Salah satu negara Eropa yang mengadopsi hukum Romawi adalah Prancis. Ini karena dalam sejarahnya Prancis ditaklukkan oleh Kaisar, sekitar 50 tahun sebelum Masehi. Kemudian pada abad ke-5 M, terjadi perubahan dimana Jerman memasuki Gaul. Awalnya Wetsgotans yang tinggal di Gaul barat daya.

Di bawah Raja Eurich mereka memperluas wilayah mereka ke Provence dan Auvergne dan sebagian besar Spanyol. Setelah Goth Barat, datanglah Burgundi yang menaklukkan daerah yang sekarang dikenal sebagai Savoy, dan dari sana memperluas kerajaan mereka ke selatan.

Korupsi Bansos Dan Contoh Kasus Hukum Pidana Di Indonesia Yang Menyeret Pejabat Tinggi

Kemudian kaum Frank dari Salis di bawah Clovis menaklukkan wilayah utara sungai Loire dan di bawah penerusnya, mereka menaklukkan wilayah Burgundi dan Westgoth (kecuali Languedoc) yang merupakan bagian dari kerajaan Prancis.

Kaisar Napoleon pada 12 Agustus 1800 membentuk panitia yang terdiri dari Portalis, Trochet, Bigot de Preameneu dan Malleville yang bertugas menulis kode. Sumber materi yang dikodifikasi adalah hukum Romawi menurut Pengadilan Prancis dan menurut interpretasi yang dilakukan oleh Potier dan Domat, hukum adat daerah Paris (Coutame de Paris), yang disebut dekrit dan undang-undang yang dibuat. selama Revolusi Perancis (tengah). undang-undang atau undang-undang sementara). Hasil daftar ini diumumkan pada 21 Maret 1804. Pada 1807 diumumkan sebagai “Kode Napoleon”.

Pada abad ke-18, terjadi dua peristiwa mengejutkan yang berdampak besar pada opini publik, yaitu pedagang JEAN CALAS (1762) dari Toulouse dijatuhi hukuman mati. VOLTAIRE mengejarnya dan menyerukan reformasi rezim. Pengadilan ulang dilakukan pada tahun 1765, di mana ditemukan bahwa JEAN CALAS tidak bersalah dan hukuman aslinya dibatalkan; tapi kehidupan JEAN CALAS sudah berakhir;

Peristiwa kedua yang terjadi pada tahun 1764 adalah BECCARIA “Dei delitti e delle pene” yang memprotes penerapan hukuman yang melebihi kemanusiaan dan kekejaman hukuman. Kedua peristiwa ini, selain memberikan saran penggunaan logika pada masa RENAISSANCE (Aufklarung), sangat mempengaruhi pembaharuan hukum pidana.

Asas Teritorialitas Dalam Hukum Pidana Indonesia: Pengertian Dan Perkembangannya

Pada tahun 1791, setelah Revolusi Prancis, KUHP pertama disusun dalam banyak hal yang dipengaruhi oleh gagasan BECCARIA. Pada tahun 1810, dalam pemerintahan NAPOLEON saat ini, KUHP lebih banyak dipengaruhi oleh ajaran seorang Inggris bernama BENTHAM. Hukum Pidana ini dalam banyak hal selalu ditujukan untuk intimidasi, apalagi jika dianggap sebagai ancaman pidana.

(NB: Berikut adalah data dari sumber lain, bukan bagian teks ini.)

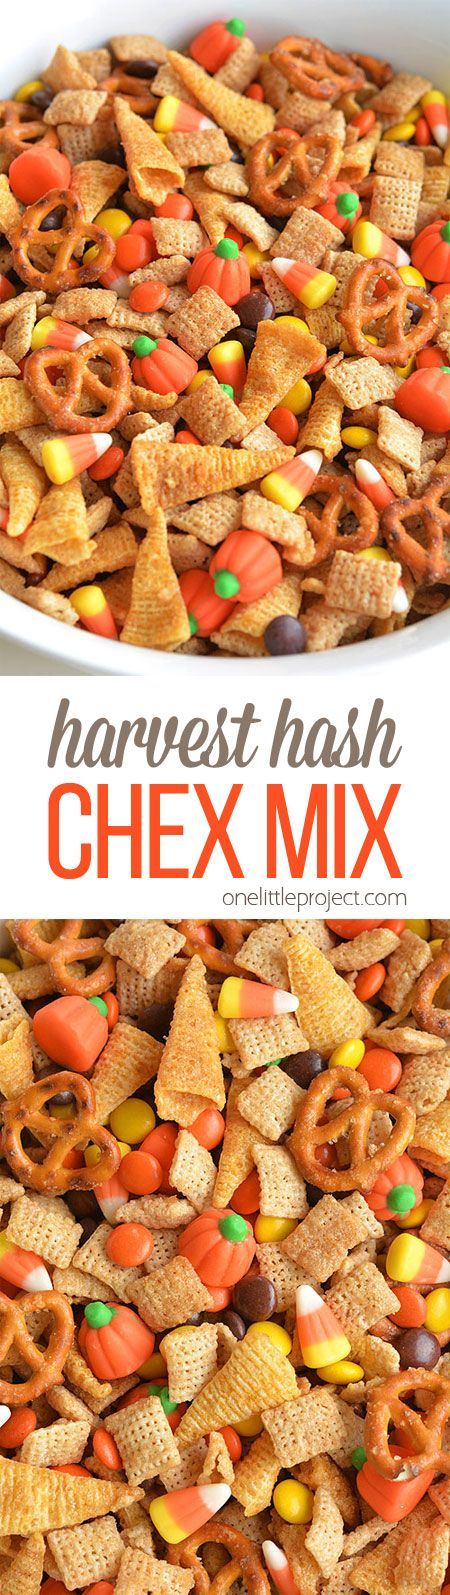 This Halloween harvest hash Chex mix is the PERFECT combination of sweet and salty

Di Belanda ada gerakan membuat undang-undang pidana pada tahun 1795, baru pada tahun 1809 dilakukan: CRIMINEEL WETBOEK VOOR HET KONINGKRIJK HOLLAND pada pemerintahan LODEWIJK NAPOLEON yang merupakan kodifikasi pertama seluruh negeri.

Revolusi Prancis tahun 1811, yang menetapkan hukum pidana Prancis sebagai penggantinya hingga tahun 1886. Sementara itu C.P. banyak perubahan yang dilakukan, terutama terkait ancaman hukuman atas kekejaman yang akan diurapi. Hukuman siksaan dan hukuman “penggal kepala” dihapuskan. Salah satu peristiwa penting yang terjadi saat itu adalah penghapusan hukuman mati (berdasarkan UU 17 September 1870 stb. No. 162) di Wvs, sedangkan di WvMS terjadi pada masa damai dan tidak dilakukan terhadap musuh. Pada tahun 1881, hukum pidana nasional Belanda diberlakukan dan mulai berlaku pada tahun 1886, yang disebut “WETBOEK VAN STRAFECHT” sebagai pengganti KUHP warisan Napoleon.

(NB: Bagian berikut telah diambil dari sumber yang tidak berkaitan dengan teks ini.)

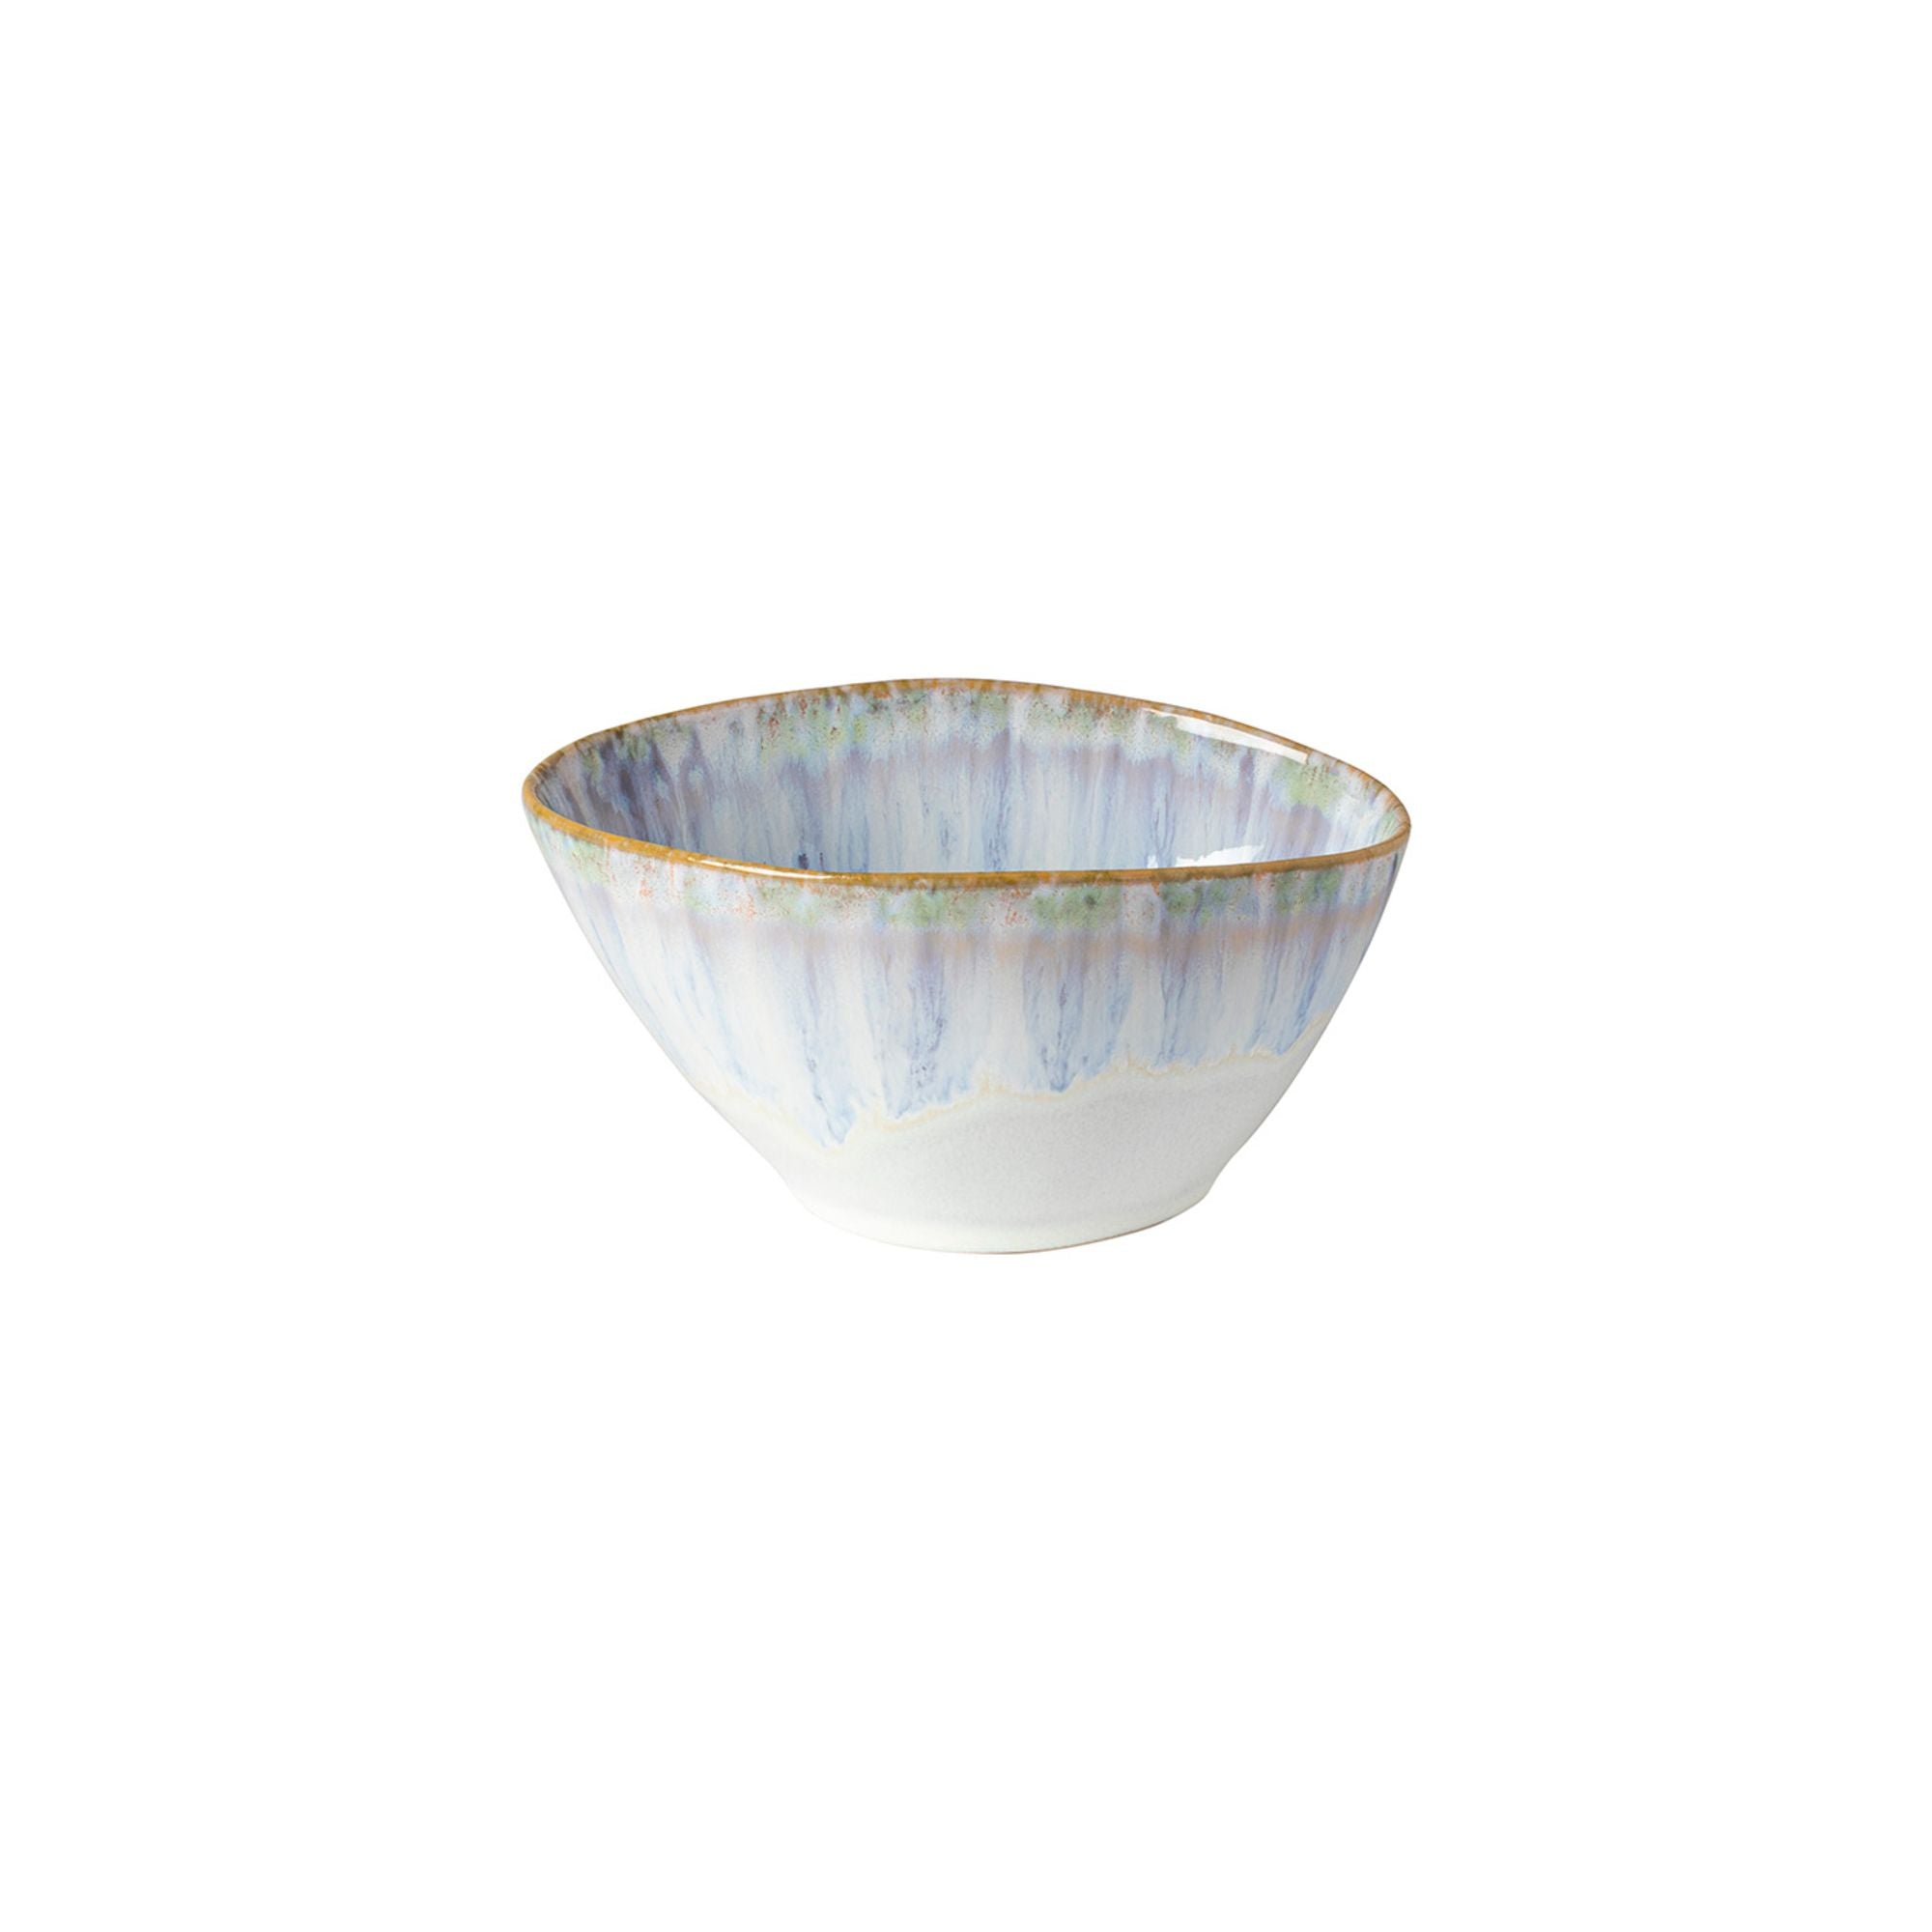 Brisa Oval Soup/Cereal Bowl 6" Ria Blue

Berbicara tentang sejarah hukum pidana tidak dapat dipisahkan dari sejarah bangsa Indonesia. Bangsa Indonesia telah mengalami perjalanan sejarah yang sangat panjang selama ini. Berkali-kali masa itu mengalami kolonialisme dari negara asing. Hal ini secara langsung mempengaruhi hukum yang berlaku di negara ini, khususnya hukum pidana. Hukum pidana sebagai bagian dari hukum perdata memegang peranan penting dalam sistem hukum dan negara. Hukum dalam hukum pidana mengatur timbulnya keadaan kosmis yang dinamis. Menciptakan ketentraman sosial dan sesuai dengan keinginan masyarakat.

Hukum Pidana Suatu Pengantar

Hukum pidana menurut van Hammel “semua peraturan dan ketentuan yang ditetapkan oleh negara dalam pemeliharaan tata hukum, yaitu untuk mencegah sesuatu yang melawan hukum dan untuk memberikan rasa sakit bagi mereka yang melanggar peraturan tersebut”. Mempelajari sejarah hukum akan mengungkapkan bagaimana hukum hidup dalam masyarakat pada waktu dan tempat tertentu. Sejarah hukum merupakan panduan penting bagi para advokat baru untuk memahami budaya dan institusi hukum.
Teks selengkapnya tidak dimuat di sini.